Task to carry out:
Print out the data below in full and exactly, skipping the pictures.

Material provided:
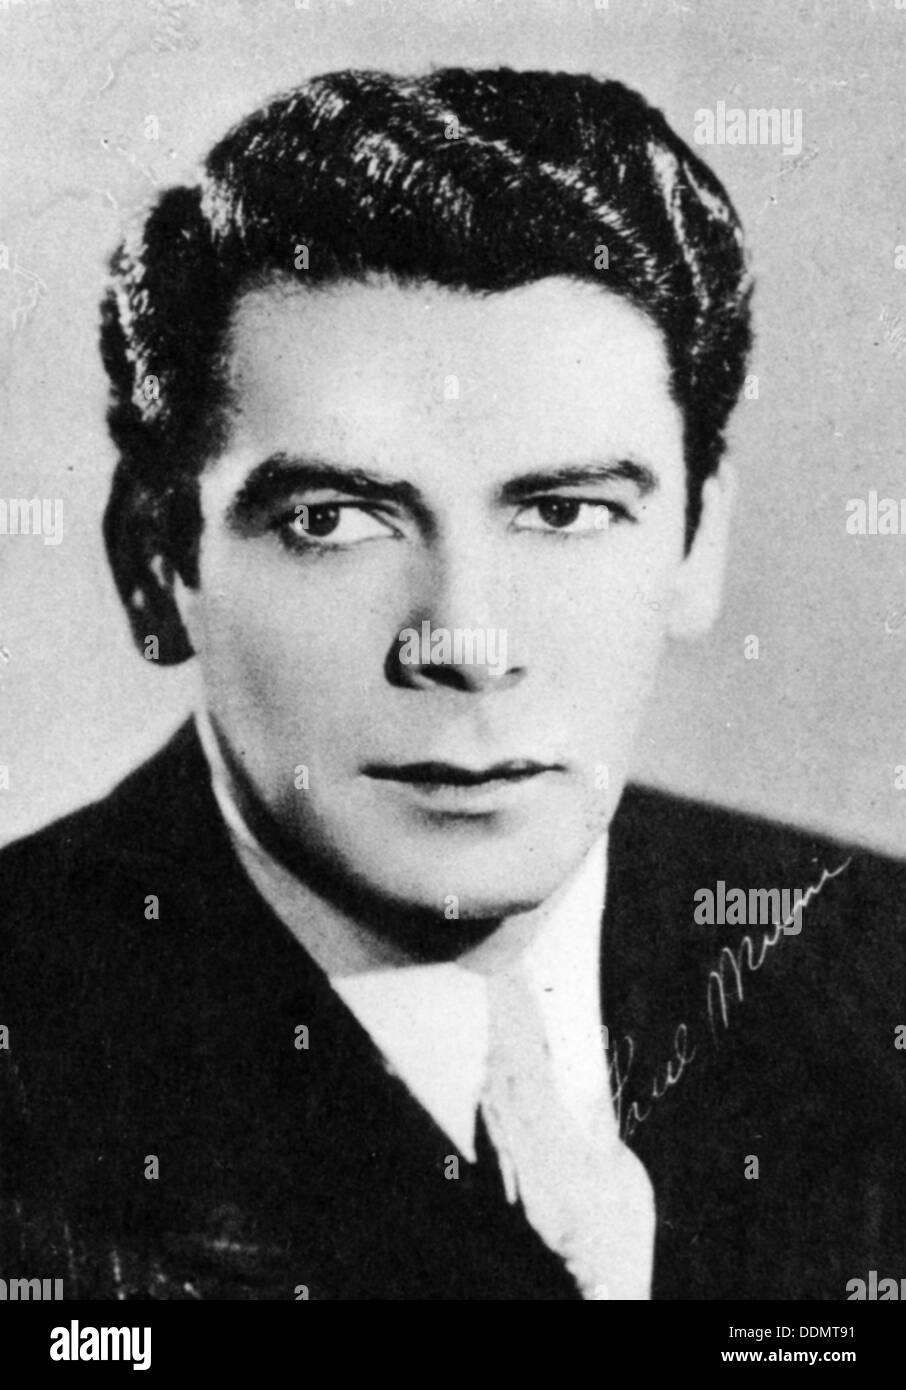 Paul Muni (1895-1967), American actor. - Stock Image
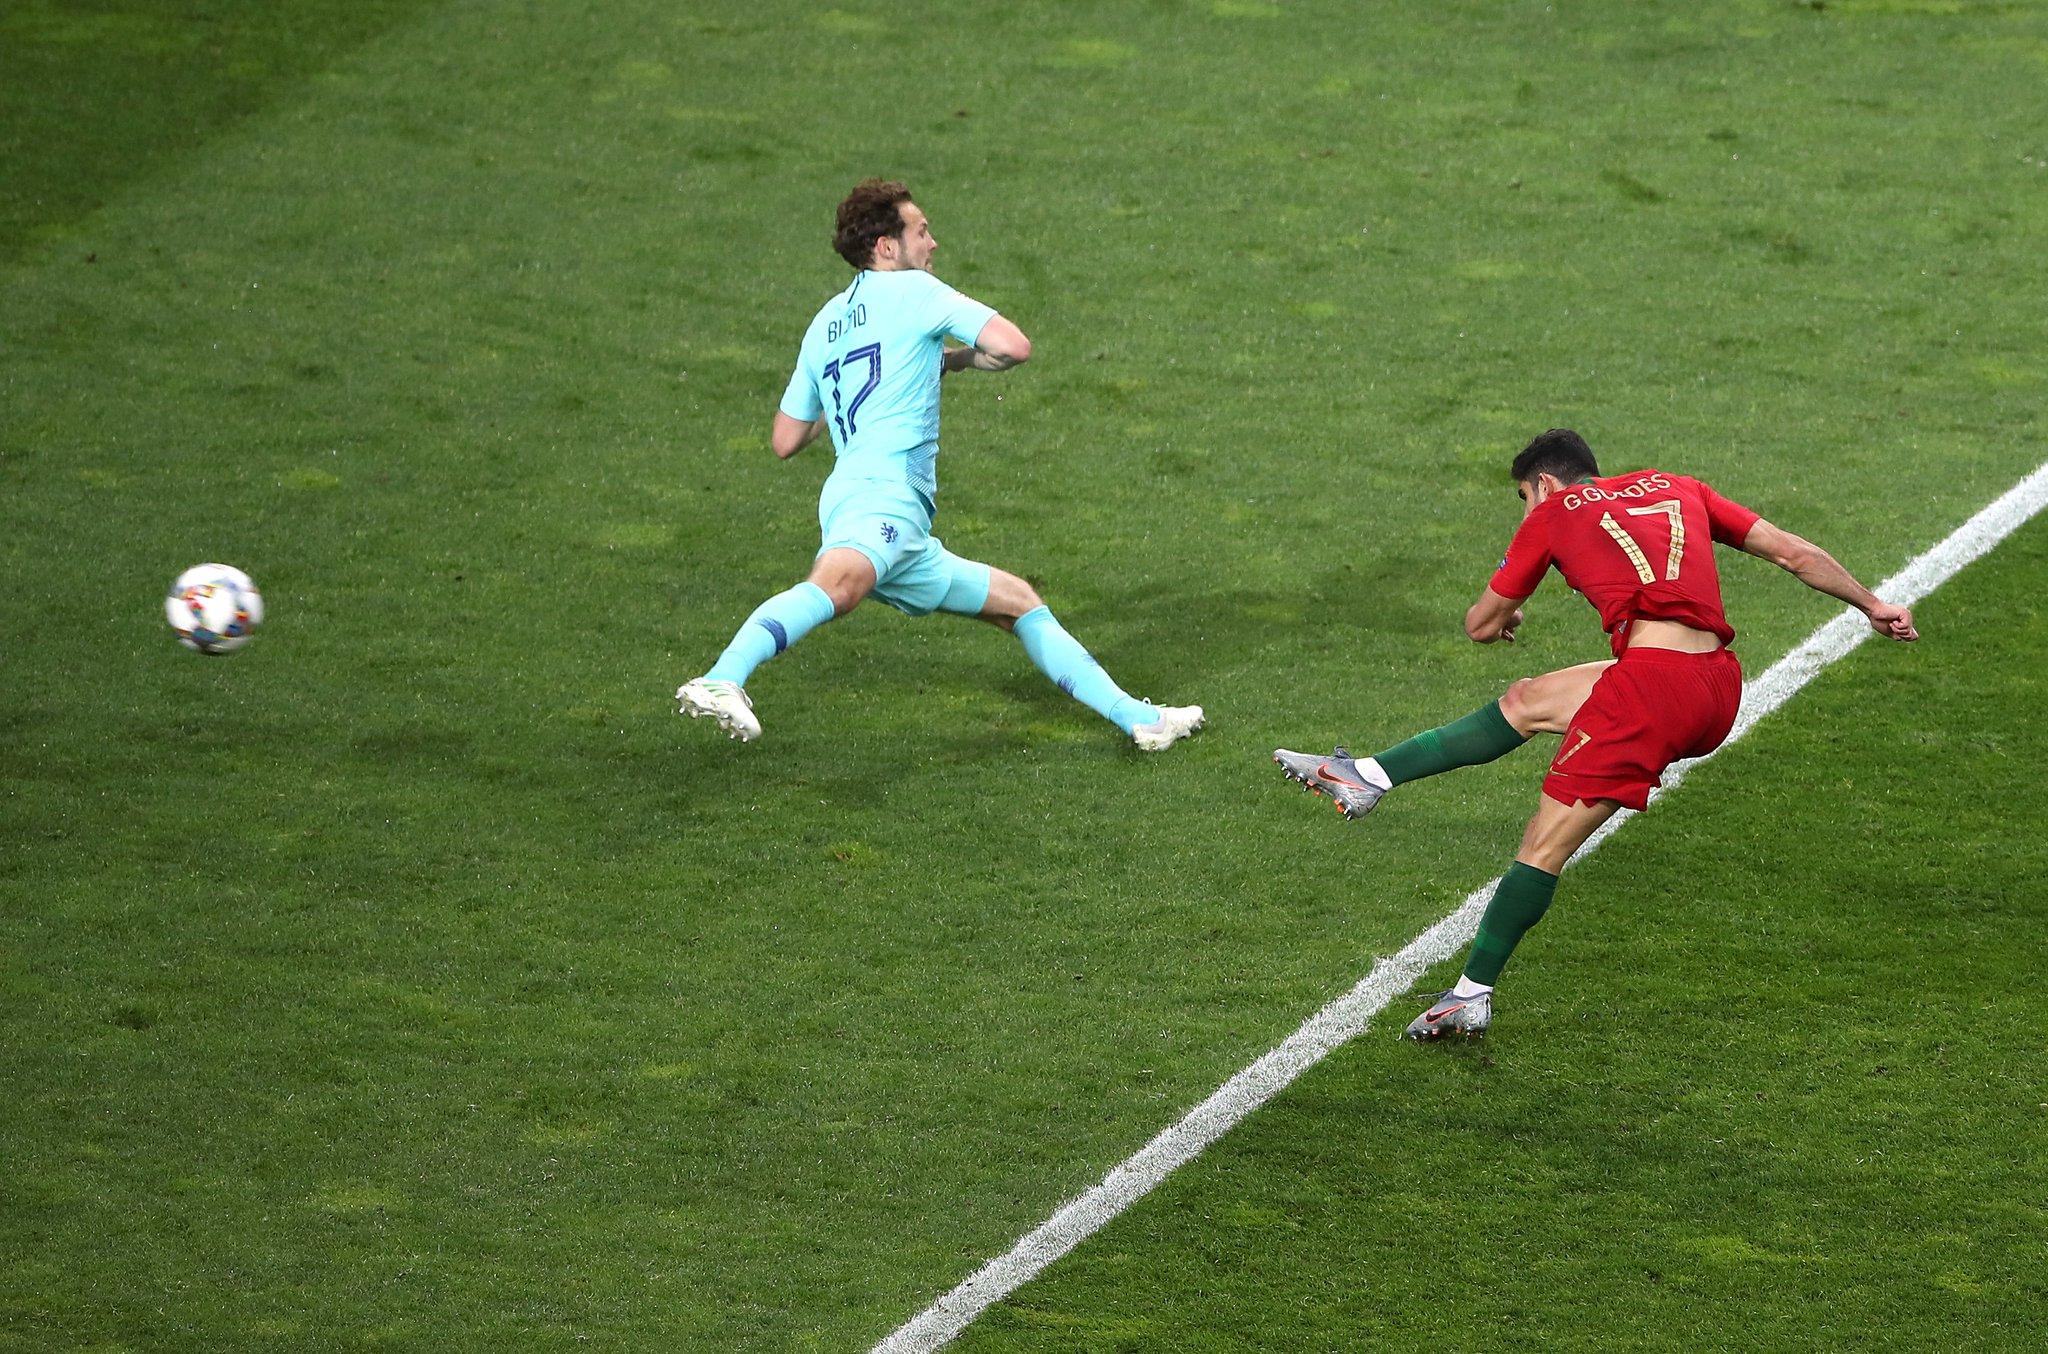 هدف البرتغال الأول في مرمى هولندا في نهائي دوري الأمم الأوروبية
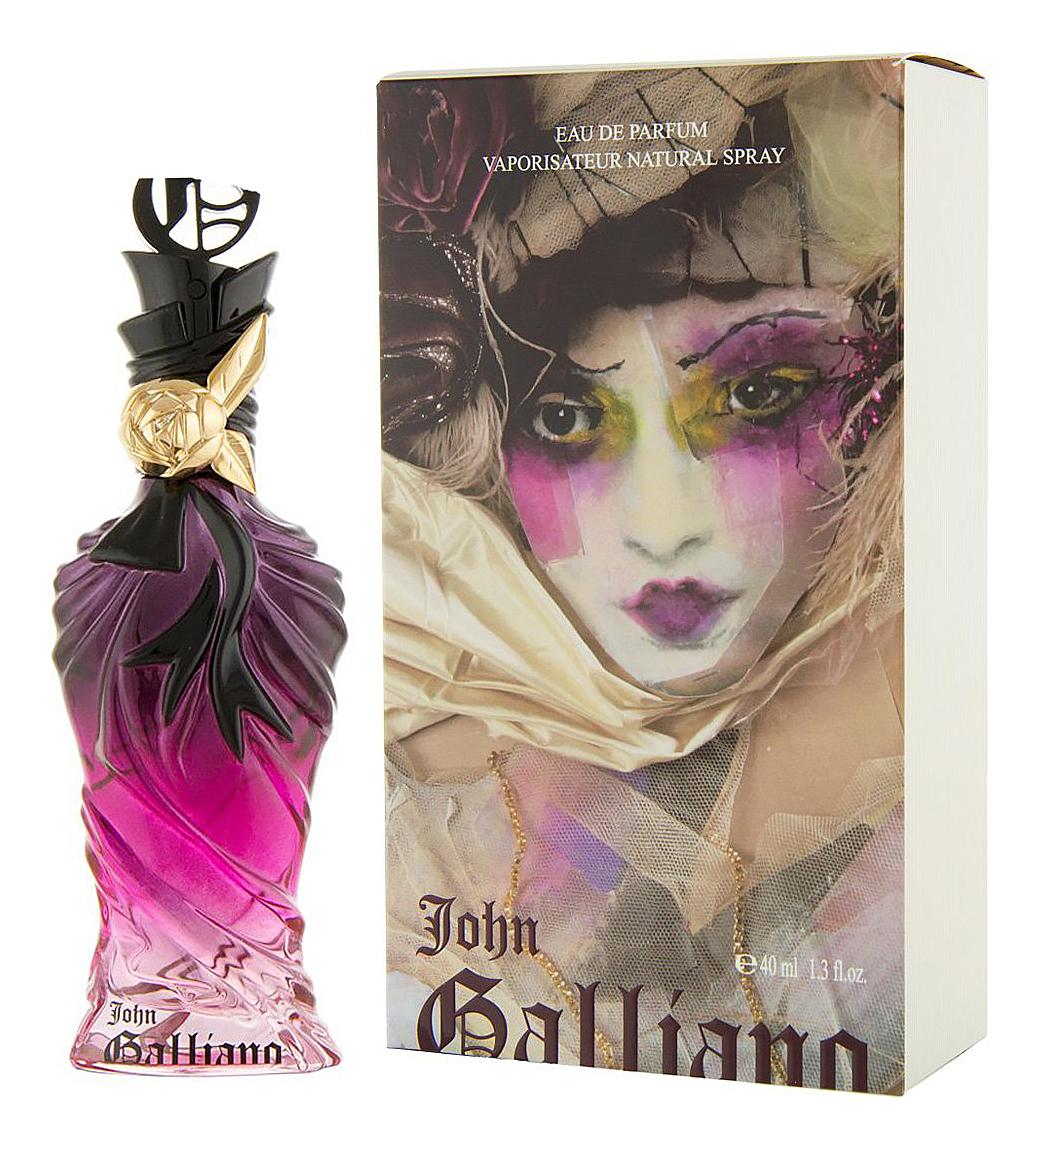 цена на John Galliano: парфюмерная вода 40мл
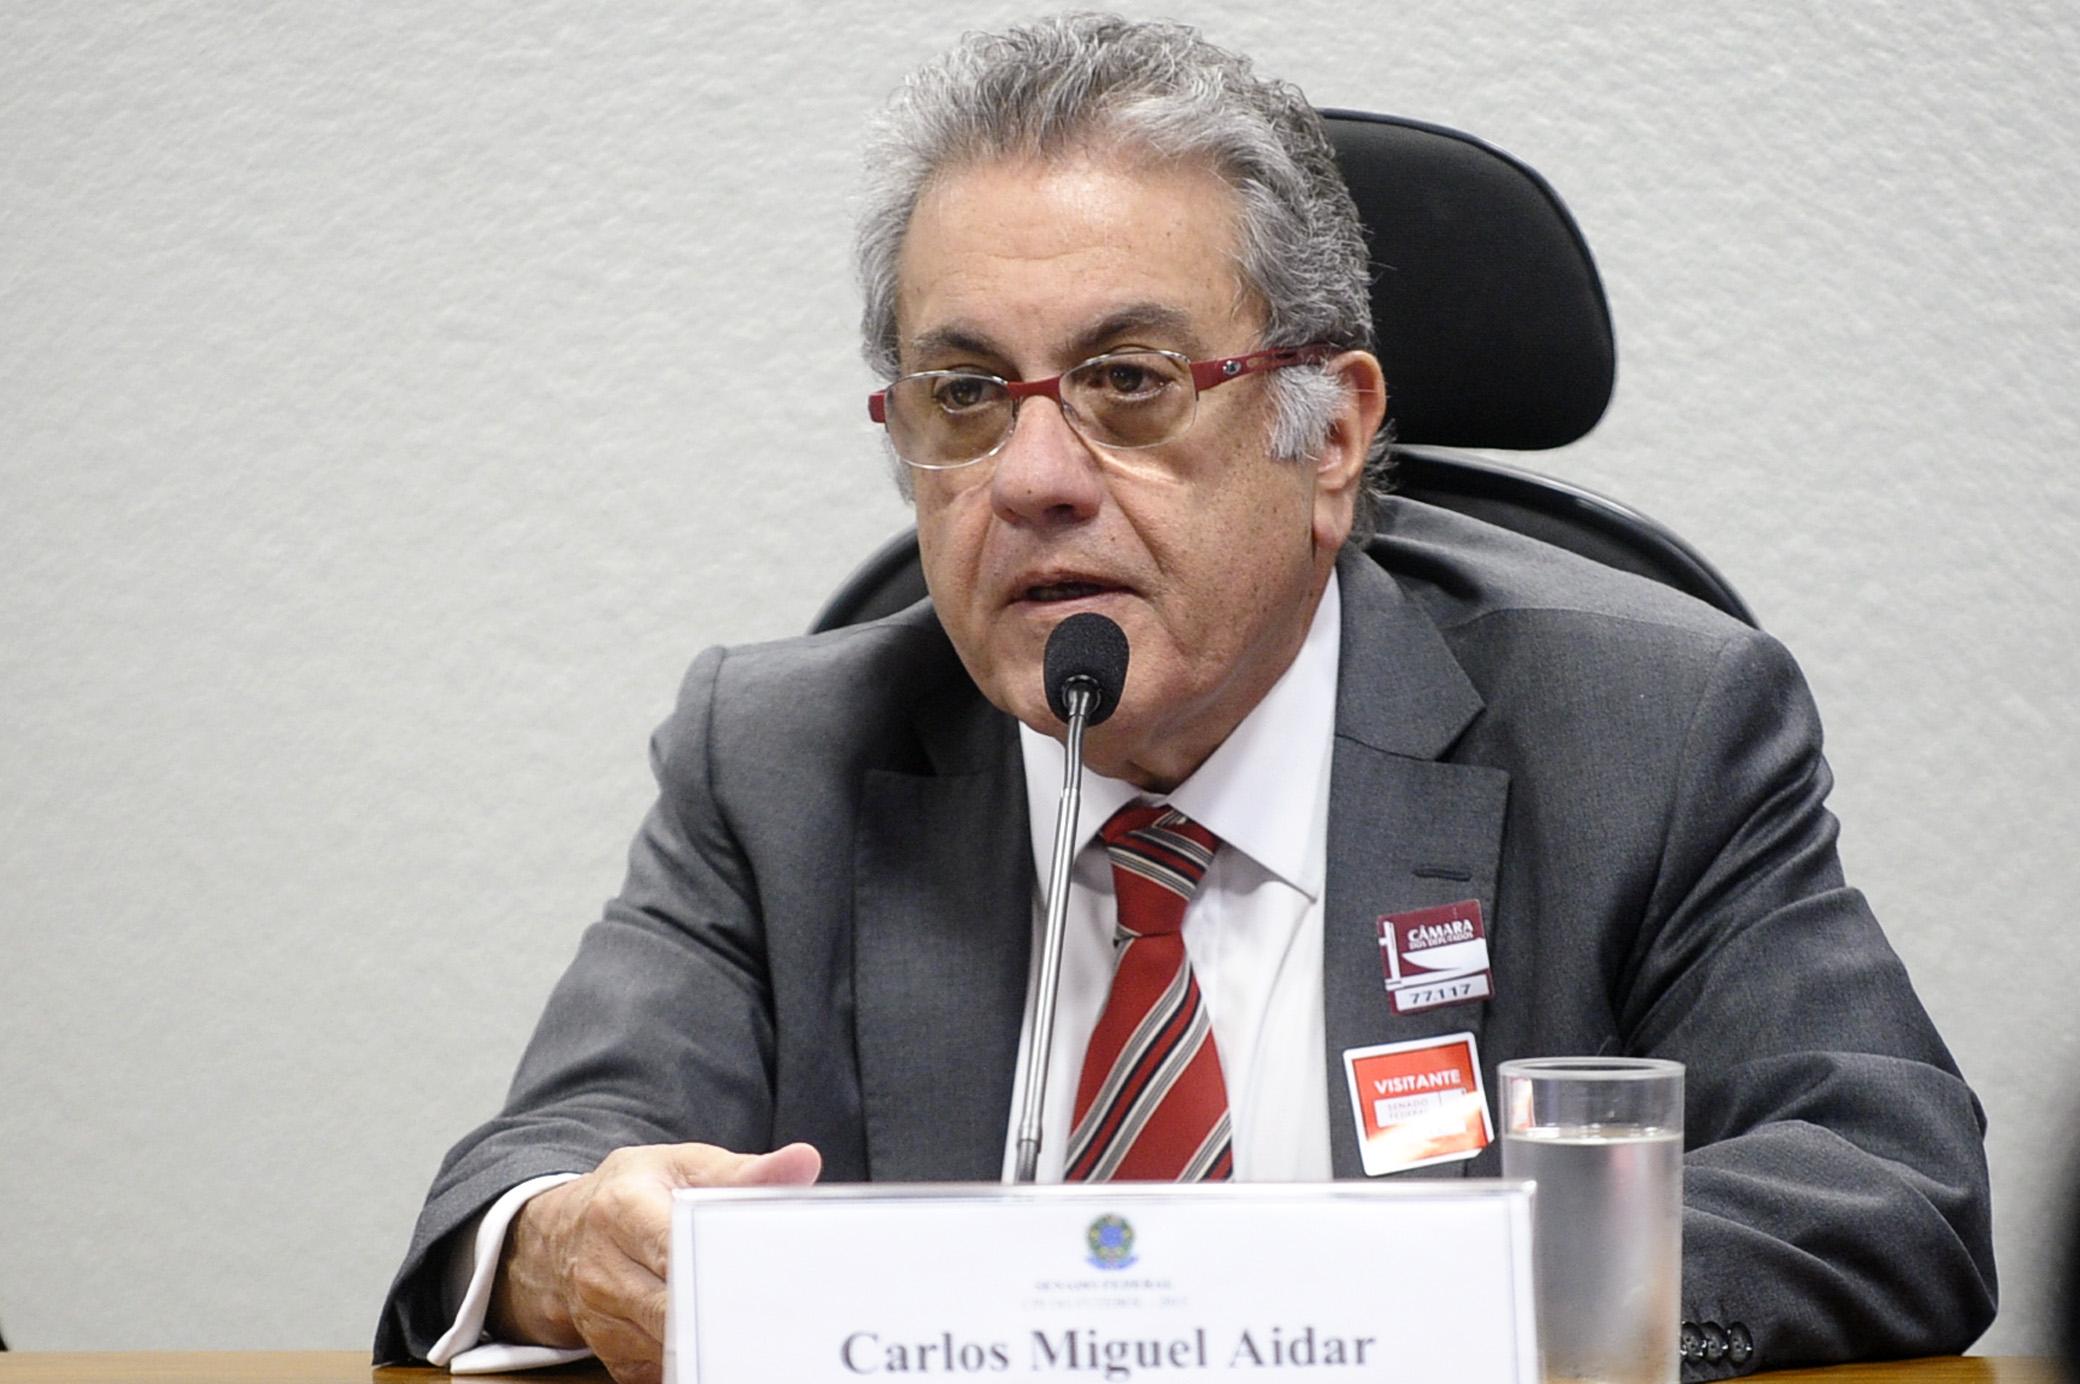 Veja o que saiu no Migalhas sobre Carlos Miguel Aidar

Worked solution:
 Paul Muni (1895-1967), American actor. - Stock Image
 هدف البرتغال الأول في مرمى هولندا في نهائي دوري الأمم الأوروبية
 цена на John Galliano: парфюмерная вода 40мл
 Veja o que saiu no Migalhas sobre Carlos Miguel Aidar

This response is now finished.